Thursday, February 03, 2011

Google, Bing, and web browsing data

I suppose I should comment, as everyone else on the planet has, on Google's claim that Bing is copying their results.

My reaction is mostly one of surprise. I am surprised that Google wants this issue discussed in the press. I am surprised that Google wants this aired in the court of public opinion.

Google is trying to draw a line on what use of behavior data is acceptable. Google clearly thinks they are on the right side of that line, and I do too, but I'm not sure the average searcher would agree. And that is why Google is playing a dangerous game here, one that could backfire on them badly.

Let's take a look at what Google Fellow Amit Singhal said:
This experiment confirms our suspicion that Bing is using some combination of:
  • Internet Explorer 8, which can send data to Microsoft via its Suggested Sites feature
  • the Bing Toolbar, which can send data via Microsoft’s Customer Experience Improvement Program
or possibly some other means to send data to Bing on what people search for on Google and the Google search results they click.
Of course, what Amit does not mention here is that the widely installed Google Toolbar and the fairly popular Google Chrome web browser sends very similar data back to Google, data about every page someone visits and every click they make. Moreover, Google tracks almost every web search and every click after a web search made by web users around the world, since almost every web search is done on Google.

By raising this issue, Google very publicly is trying to draw a particular line on how toolbar and web browsing data should be used, and that may be a dangerous thing for Google to do. The average searcher, for example, may want that line drawn somewhere other than where Google might expect it to be drawn -- they may want it drawn at not using any toolbar/Chrome data for any purposes, or even not using any kind of behavior data at all -- and, if that line is drawn somewhere other than where Google wants it, Google could be hurt badly. That is why I am surprised that Google is coming out so strong here.

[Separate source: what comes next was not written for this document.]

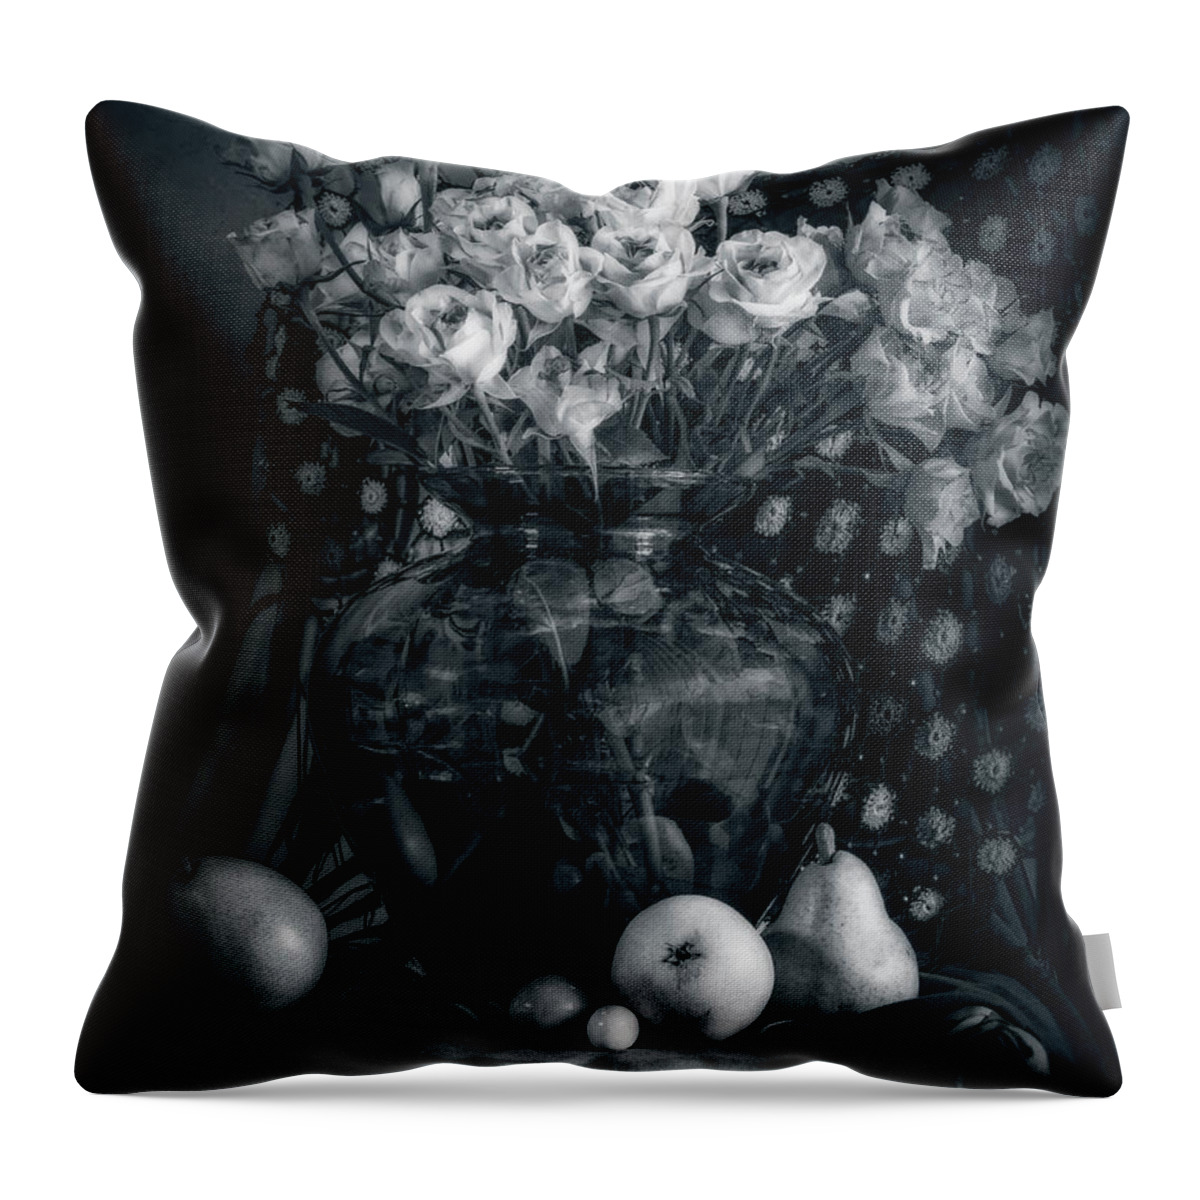 Vintage Throw Pillow featuring the photograph Vintage Roses #1 by Sandra Selle Rodriguez

As for the particular issue of whether this is copying or not, I don't have much to say on that, but I think the most thought-provoking piece I have seen related to that question is John Langford's post, "User preferences for search engines". John argues that searchers own their browsing behavior and can reveal what they do across the web to whoever they want to. Whether you agree or not with that, it is worth reading John's thoughts on it and considering what you think might be the alternative.

Update: In the comments, Peter Kasting, a Google engineer working on Chrome, denies that Chrome sends clickstream data (the URLs you visit) back to Google. A check of the Google Chrome privacy policy ([1] [2]) appears to confirm that. I apologize for getting that wrong and have corrected the post above.

Update: A few days later, search industry watcher Danny Sullivan writes, "In short, Google doesn’t occupy any higher ground than Microsoft, from what I can see, when it comes to using data gathered from browser add-ons to improve its own services, including its search engine." Whether you think Danny is right or not, his article demonstrates that Google was wrong in thinking they would easily win if they took this fight to the press.

7 comments:

pkasting said...

Greg, I work on Chrome, and you are dead wrong in your claim that Chrome sends clickstream data (or the list of pages the user visits, or similar) back to Google. We don't collect that kind of data even if users turn on the off-by-default "anonymous usage statistics" checkbox, and we never have.

Greg Linden said...

Peter, I got that wrong. I had heard a rumor that Chrome did keep that data, but the rumor appears to be wrong. I'll correct the post. Sorry about that, I should have made more of an attempt to verify the information before posting this.

pkasting said...

Thanks for the fast update, Greg!

Note: You may want to change an instance of "toolbar/Chrome" to "toolbar".

Greg Linden said...

Hi, Peter. I left that last toolbar/Chrome as is on purpose, since Chrome does send some limited data back, and that is part of a sentence talking about banning any use of any data. But, if you think it is misleading still, let me know and I'll change it. And, again, sorry for my mistake.

Michael Nielsen said...

The Chrome privacy policy is pretty vague: "When you type URLs or queries in the address bar, the letters you type are sent to your default search engine [Google, for almost all users] so the Suggest feature can automatically recommend terms or URLs you may be looking for."

Or, in other words, the URLs you type are sent to Google. It's sort of implied that this will only ever be used to make suggestions, but I don't find that very reassuring.

Very nice post --- seems dead on.

pkasting said...

@Michael Nielsen, we've written about this several times. A few references are http://blog.chromium.org/2008/10/google-chrome-chromium-and-google.html to describe more about typing in the address bar and http://googleblog.blogspot.com/2008/09/update-to-google-suggest.html for details of how Google logs that data.

There are also a number of other conditions which we impose in order to avoid seeing too much of your data, such as not triggering suggest for local files, URLs with queries, anything with a username, strings that you type quickly and hit enter, etc. If you'd like to know more, feel free to email me at pkasting@chromium.org.

Abhijeet said...

Your whole point saying "what if you collect user search data to improve user experience, Google does the same" seems to miss the fact, "what if you collect user's google search data to improve user's bing experience, you need to cite Google in your results".